**EXERCISE**
Which lines of the entries below include "Puma"? List them all.

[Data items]

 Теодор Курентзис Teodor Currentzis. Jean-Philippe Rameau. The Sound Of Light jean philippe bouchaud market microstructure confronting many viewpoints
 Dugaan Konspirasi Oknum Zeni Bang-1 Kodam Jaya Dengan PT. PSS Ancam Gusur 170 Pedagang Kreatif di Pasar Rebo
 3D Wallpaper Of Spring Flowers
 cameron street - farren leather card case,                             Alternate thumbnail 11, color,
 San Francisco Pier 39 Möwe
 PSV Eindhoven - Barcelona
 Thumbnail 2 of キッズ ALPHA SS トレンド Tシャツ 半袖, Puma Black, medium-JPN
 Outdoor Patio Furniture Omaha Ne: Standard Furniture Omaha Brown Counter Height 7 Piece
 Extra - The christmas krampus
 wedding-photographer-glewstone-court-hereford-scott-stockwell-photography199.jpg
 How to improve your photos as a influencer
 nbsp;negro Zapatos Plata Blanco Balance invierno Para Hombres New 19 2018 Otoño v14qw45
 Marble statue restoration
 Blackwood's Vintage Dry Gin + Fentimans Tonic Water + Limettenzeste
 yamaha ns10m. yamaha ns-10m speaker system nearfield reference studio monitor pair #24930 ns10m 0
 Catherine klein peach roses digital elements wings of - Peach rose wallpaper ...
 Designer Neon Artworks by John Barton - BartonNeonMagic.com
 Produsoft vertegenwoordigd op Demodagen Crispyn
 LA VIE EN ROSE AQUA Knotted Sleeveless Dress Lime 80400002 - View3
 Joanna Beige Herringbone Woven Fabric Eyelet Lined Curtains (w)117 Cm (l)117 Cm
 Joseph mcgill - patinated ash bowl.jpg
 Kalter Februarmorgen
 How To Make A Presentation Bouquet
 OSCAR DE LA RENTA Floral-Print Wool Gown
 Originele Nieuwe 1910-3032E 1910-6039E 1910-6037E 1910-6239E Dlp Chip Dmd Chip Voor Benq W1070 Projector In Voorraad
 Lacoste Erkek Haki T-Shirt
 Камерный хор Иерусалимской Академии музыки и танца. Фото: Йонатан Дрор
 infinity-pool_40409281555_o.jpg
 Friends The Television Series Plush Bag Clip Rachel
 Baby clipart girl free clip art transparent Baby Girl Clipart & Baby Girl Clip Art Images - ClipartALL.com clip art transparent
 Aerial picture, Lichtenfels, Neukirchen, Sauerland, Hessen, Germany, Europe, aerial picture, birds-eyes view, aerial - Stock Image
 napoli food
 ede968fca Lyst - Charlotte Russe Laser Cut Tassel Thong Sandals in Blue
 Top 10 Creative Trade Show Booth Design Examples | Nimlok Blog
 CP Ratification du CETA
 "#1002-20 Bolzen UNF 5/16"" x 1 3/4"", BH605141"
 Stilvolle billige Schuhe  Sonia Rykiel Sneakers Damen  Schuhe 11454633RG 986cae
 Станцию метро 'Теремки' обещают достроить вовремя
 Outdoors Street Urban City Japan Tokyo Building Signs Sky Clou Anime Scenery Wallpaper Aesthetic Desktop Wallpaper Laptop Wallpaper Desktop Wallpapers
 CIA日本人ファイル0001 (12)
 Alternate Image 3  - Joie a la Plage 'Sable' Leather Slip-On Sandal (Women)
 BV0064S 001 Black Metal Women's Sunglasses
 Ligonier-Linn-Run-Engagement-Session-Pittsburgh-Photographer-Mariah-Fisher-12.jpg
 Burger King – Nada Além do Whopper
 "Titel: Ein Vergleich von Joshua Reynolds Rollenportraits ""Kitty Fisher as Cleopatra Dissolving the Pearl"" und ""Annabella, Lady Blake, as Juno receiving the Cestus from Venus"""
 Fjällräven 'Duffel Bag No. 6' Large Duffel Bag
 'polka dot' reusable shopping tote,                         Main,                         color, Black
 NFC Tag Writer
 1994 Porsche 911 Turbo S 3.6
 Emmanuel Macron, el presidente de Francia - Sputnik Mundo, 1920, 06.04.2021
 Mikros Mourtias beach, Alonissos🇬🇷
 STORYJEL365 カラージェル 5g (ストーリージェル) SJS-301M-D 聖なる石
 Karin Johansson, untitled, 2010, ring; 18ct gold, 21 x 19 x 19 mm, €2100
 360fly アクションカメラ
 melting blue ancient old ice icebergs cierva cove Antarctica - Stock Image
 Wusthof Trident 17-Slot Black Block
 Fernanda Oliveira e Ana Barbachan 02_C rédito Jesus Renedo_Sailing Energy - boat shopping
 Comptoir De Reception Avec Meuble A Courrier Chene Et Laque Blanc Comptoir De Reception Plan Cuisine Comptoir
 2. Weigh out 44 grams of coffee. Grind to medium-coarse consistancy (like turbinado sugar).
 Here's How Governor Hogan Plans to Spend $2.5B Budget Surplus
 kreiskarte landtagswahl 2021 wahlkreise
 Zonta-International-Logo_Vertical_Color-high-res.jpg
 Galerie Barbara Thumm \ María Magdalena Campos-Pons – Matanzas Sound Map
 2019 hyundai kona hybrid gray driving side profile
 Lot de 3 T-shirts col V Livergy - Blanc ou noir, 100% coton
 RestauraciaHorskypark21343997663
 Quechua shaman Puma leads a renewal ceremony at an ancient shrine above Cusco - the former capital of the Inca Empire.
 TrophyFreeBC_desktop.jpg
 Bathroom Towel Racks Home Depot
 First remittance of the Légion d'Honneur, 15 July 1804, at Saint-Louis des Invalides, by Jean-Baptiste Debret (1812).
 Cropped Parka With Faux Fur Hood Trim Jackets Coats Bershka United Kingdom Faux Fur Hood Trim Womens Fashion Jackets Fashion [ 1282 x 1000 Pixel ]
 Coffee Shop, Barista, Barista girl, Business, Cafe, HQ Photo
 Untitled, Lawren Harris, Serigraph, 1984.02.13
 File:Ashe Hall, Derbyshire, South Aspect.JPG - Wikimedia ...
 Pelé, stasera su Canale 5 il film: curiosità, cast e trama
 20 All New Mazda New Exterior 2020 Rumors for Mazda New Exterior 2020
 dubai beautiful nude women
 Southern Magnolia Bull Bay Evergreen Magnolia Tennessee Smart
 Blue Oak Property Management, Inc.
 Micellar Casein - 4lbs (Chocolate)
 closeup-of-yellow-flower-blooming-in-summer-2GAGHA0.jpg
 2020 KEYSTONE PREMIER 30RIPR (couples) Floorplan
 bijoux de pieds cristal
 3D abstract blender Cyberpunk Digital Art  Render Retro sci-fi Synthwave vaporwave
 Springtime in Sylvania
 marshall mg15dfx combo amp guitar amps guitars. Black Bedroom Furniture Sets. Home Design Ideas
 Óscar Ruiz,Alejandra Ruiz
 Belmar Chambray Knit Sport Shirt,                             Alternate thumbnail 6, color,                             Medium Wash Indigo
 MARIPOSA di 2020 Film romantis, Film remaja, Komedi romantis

**EXERCISE ANSWER**
 Thumbnail 2 of キッズ ALPHA SS トレンド Tシャツ 半袖, Puma Black, medium-JPN
 Quechua shaman Puma leads a renewal ceremony at an ancient shrine above Cusco - the former capital of the Inca Empire.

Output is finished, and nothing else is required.